New Enzymes for Biopulping

Who’s Involved?

Enzymes for BiopulpingResearch Introduction

Wood contains cellulose, hemicellulose and lignin. Cellulose is used for making paper because it is a long fiber that can be easily dispersed in water, and easily forms entangled mats when dried. Hemicellulose is like cellulose, but it is made of much shorter fibers. Lignin is a large molecule that forms crosslinks with hemicellulose and gives wood its hardness. Paper is made from cellulose, while biofuels can be made from both cellulose and hemicellulose. Breaking down the lignin makes it possible to extract cleaner cellulose and hemicellulose from a piece of wood. Traditionally, wood pulp was treated with sodium hydroxide and sodium sulfide to break down the lignin. Both of these chemicals are dangerous, and many of the byproducts of this pulp treatment are smelly, environmentally hazardous, toxic and/or carcinogenic. Wood processors are trying to find new ways to remove the lignin without using or making any dangerous chemicals. One problem in designing new processes for delignification is the stubborn chemical bonds between the hemicellulose and lignin components of wood. My laboratory has shown that there are microorganisms which can specifically break lignin-hemicellulose bonds without damaging cellulose or hemicellulose and without producing or requiring dangerous chemicals. The microorganisms do this by making a type of molecule called an enzyme. We are isolating these organisms and studying their enzymes. We are using this information to develop an enzyme-assisted pretreatment of wood pulp to improve the yield and quality of cellulose while reducing the use of harsh chemicals.

Research Details

Physical intertwining and chemical crosslinks between the cellulose, lignin and hemicellulose of wood hinder the conversion of lignocellulose to products. The separation of the components of wood is an integral part of converting wood to fiber products, fuels and chemicals. In chemical pulping the largest energy and chemical costs are in preparing a cellulosic product with small amounts of lignin and hemicellulose. In the conversion of lignocellulose to chemicals and fuels the carbohydrate portions of wood (cellulose and hemicellulose) must be separated from the lignin and then can be converted into fermentable sugars. Our research addresses one of the basic problems of biorefining-how the components can be separated.

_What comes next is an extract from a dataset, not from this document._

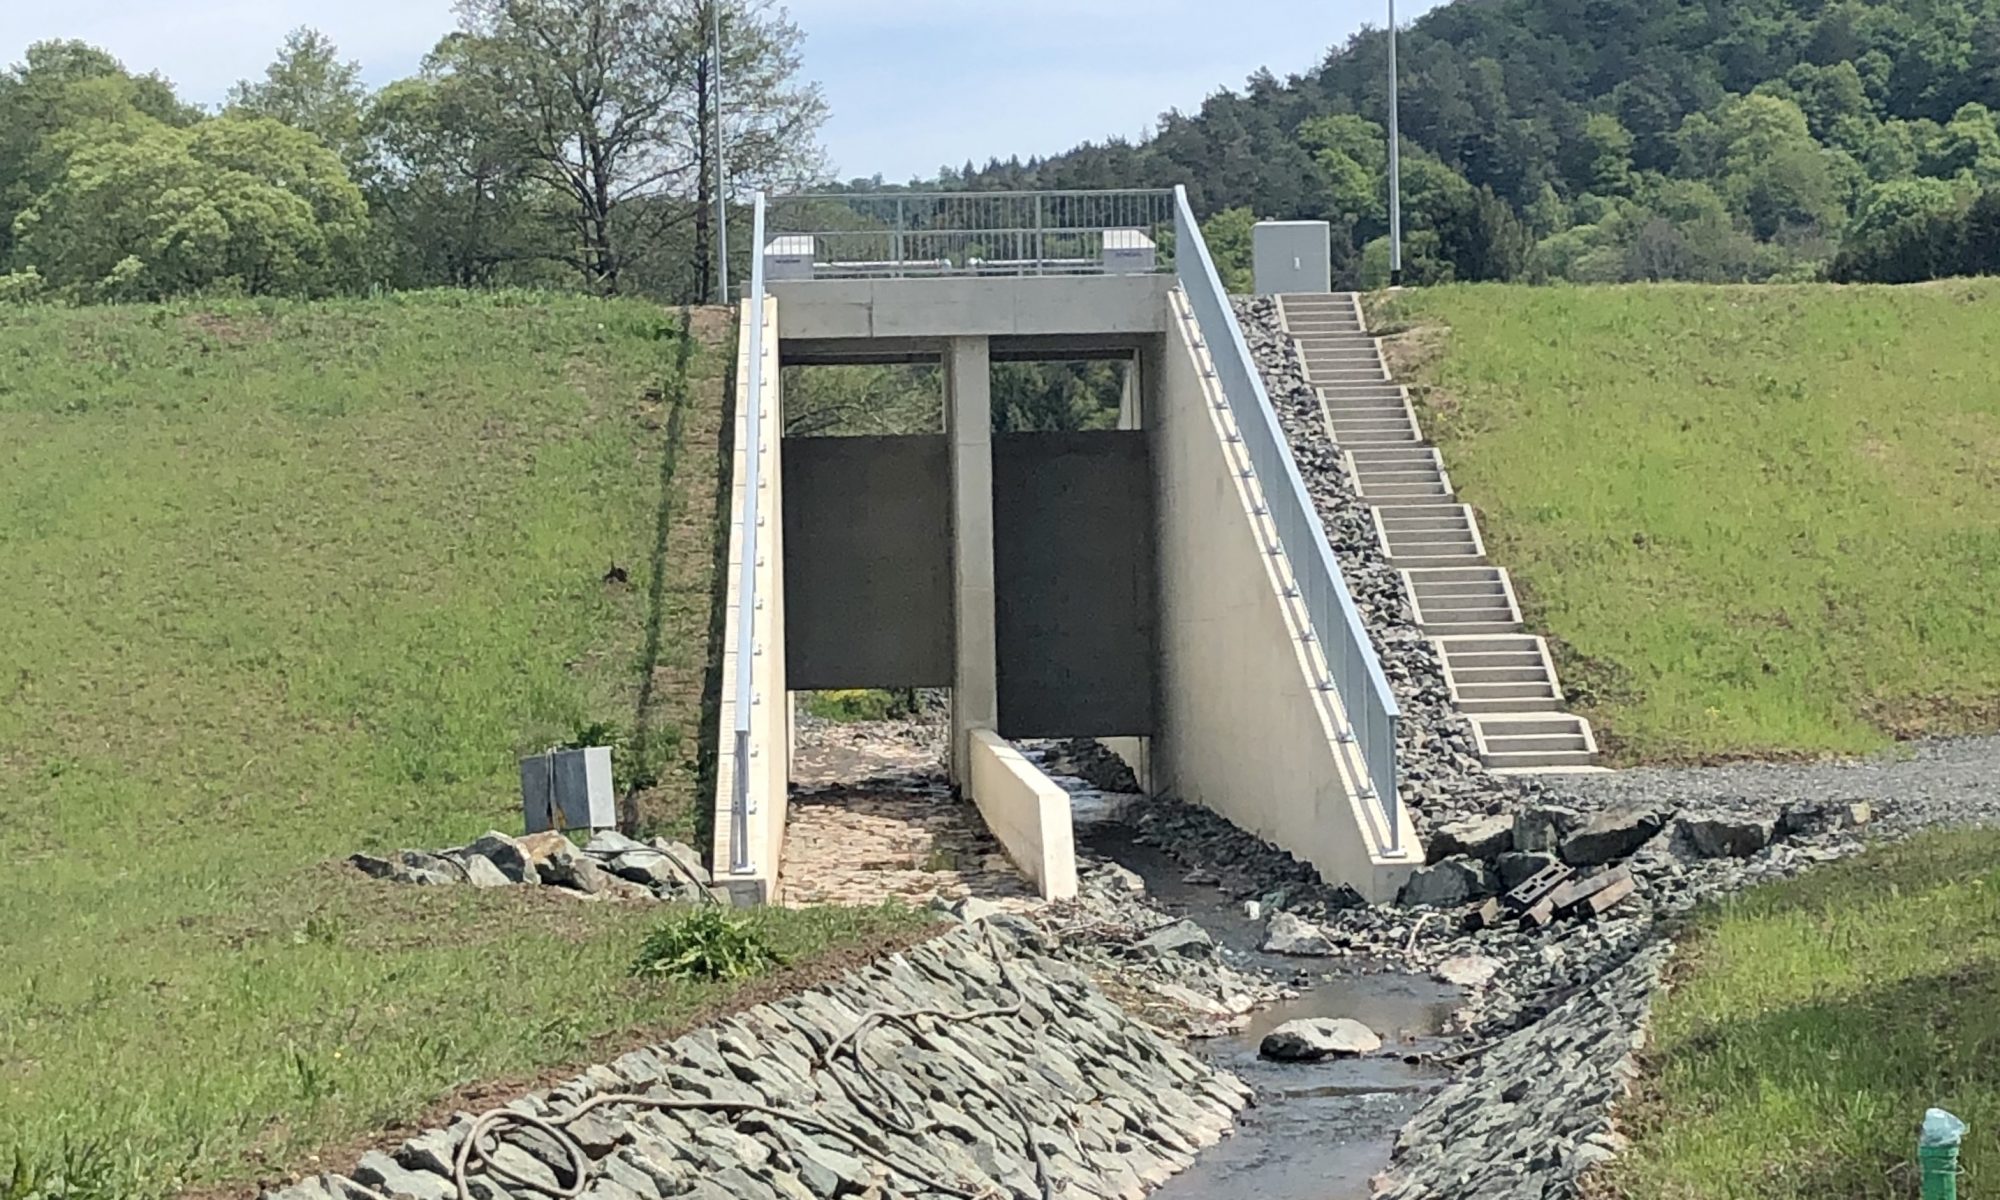 Hochwasserrückhaltebecken in Oberscheld "Irrschelde" mit Damm und Ablauf
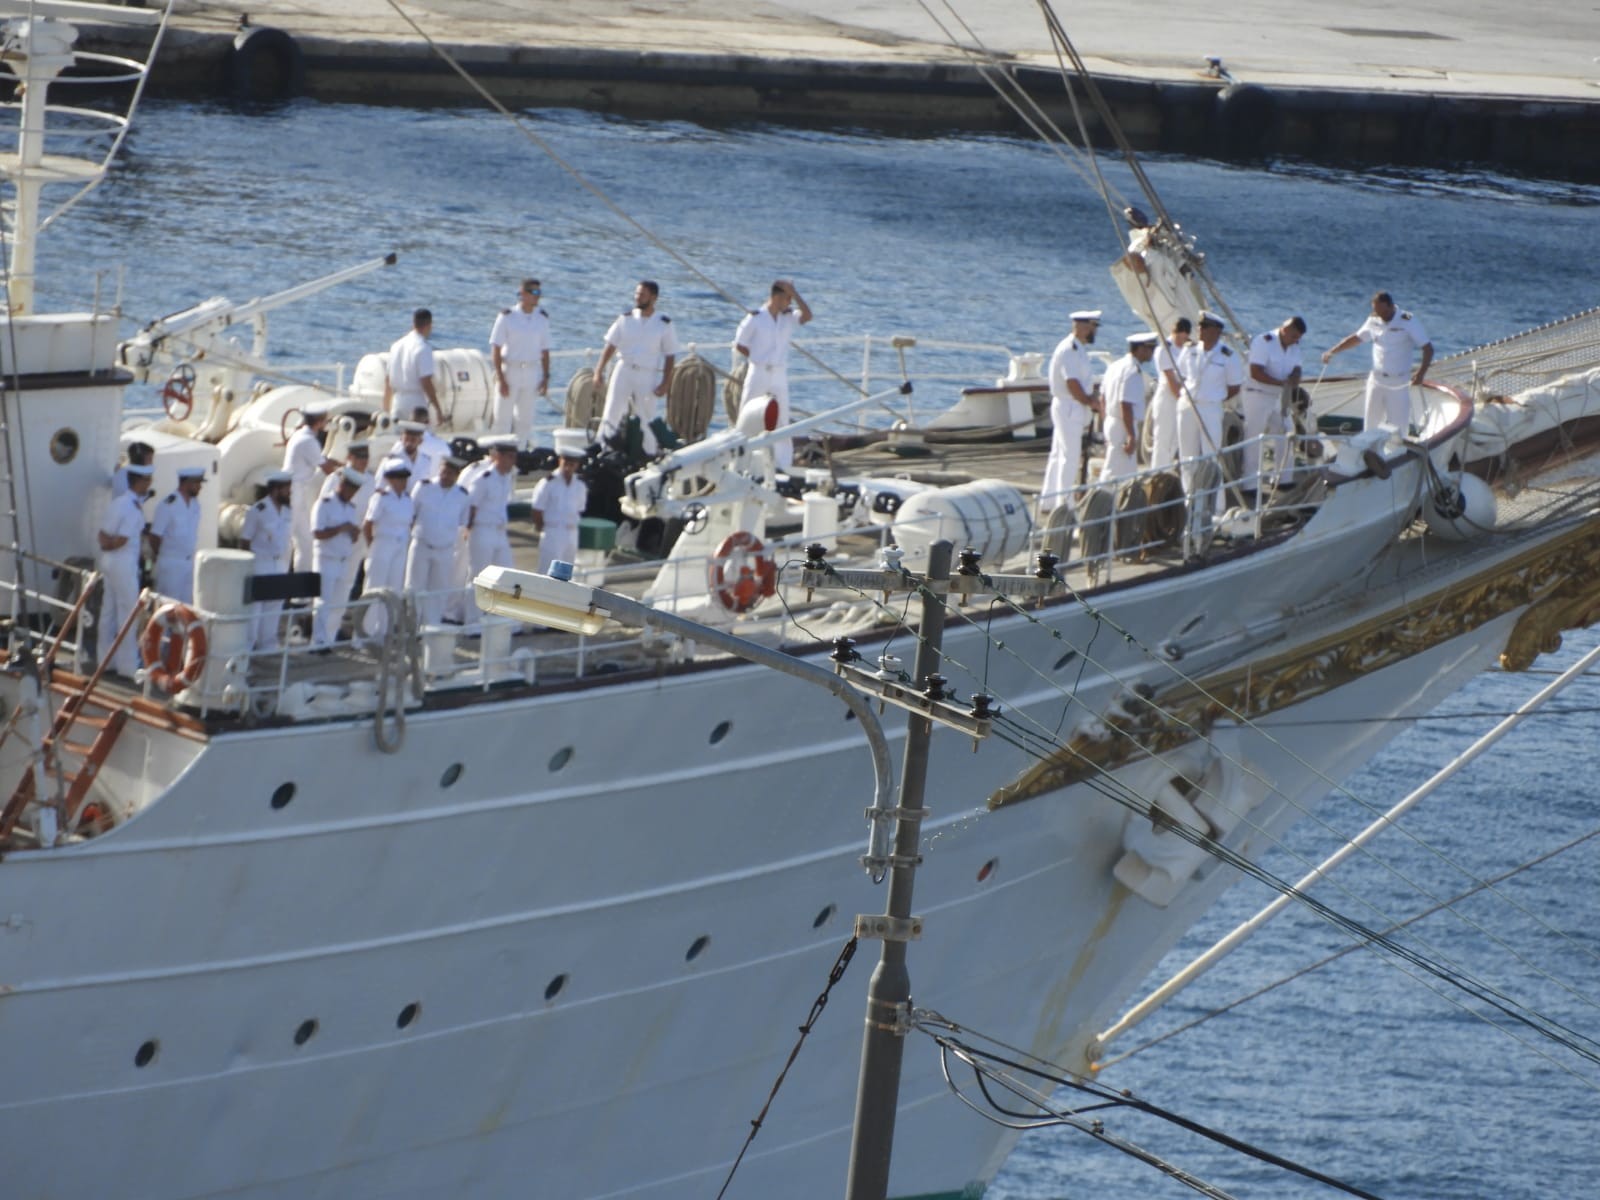 Port call of Spanish Navy training ship ‘Juan Sebastián de Elcano’ in Curaçao.

Our solution has been to bioprospect for enzymes that specifically cleave ether bonds between lignin and hemicellulose using a fluorogenic model compound based on hemicellulose. We have found several microorganisms that are potential sources of enzymes that can specifically break these bonds. Because these organisms are likely to produce other enzymes that break down hemicellulose and cellulose, we are currently engaged in isolating the enzyme activity from our microorganisms. The isolated enzyme will then be tested for its activity against lignin-hemicellulose complexes and its identity determined. The nature of the isolation method, along with its yield and the characteristics of the isolated enzyme will determine the feasibility of basing a wood fractionation process on the isolated enzyme.

An enzyme that cleaves the ether bonds of hemicellulose to lignin can have significant economic and environmental impact on the manufacturing of: bleached paper products, thermomechanical paper products such as newsprint, fermentable sugars for ethanol and chemical generation, and new products specifically derived fromthe polymeric forms of hemicellulose.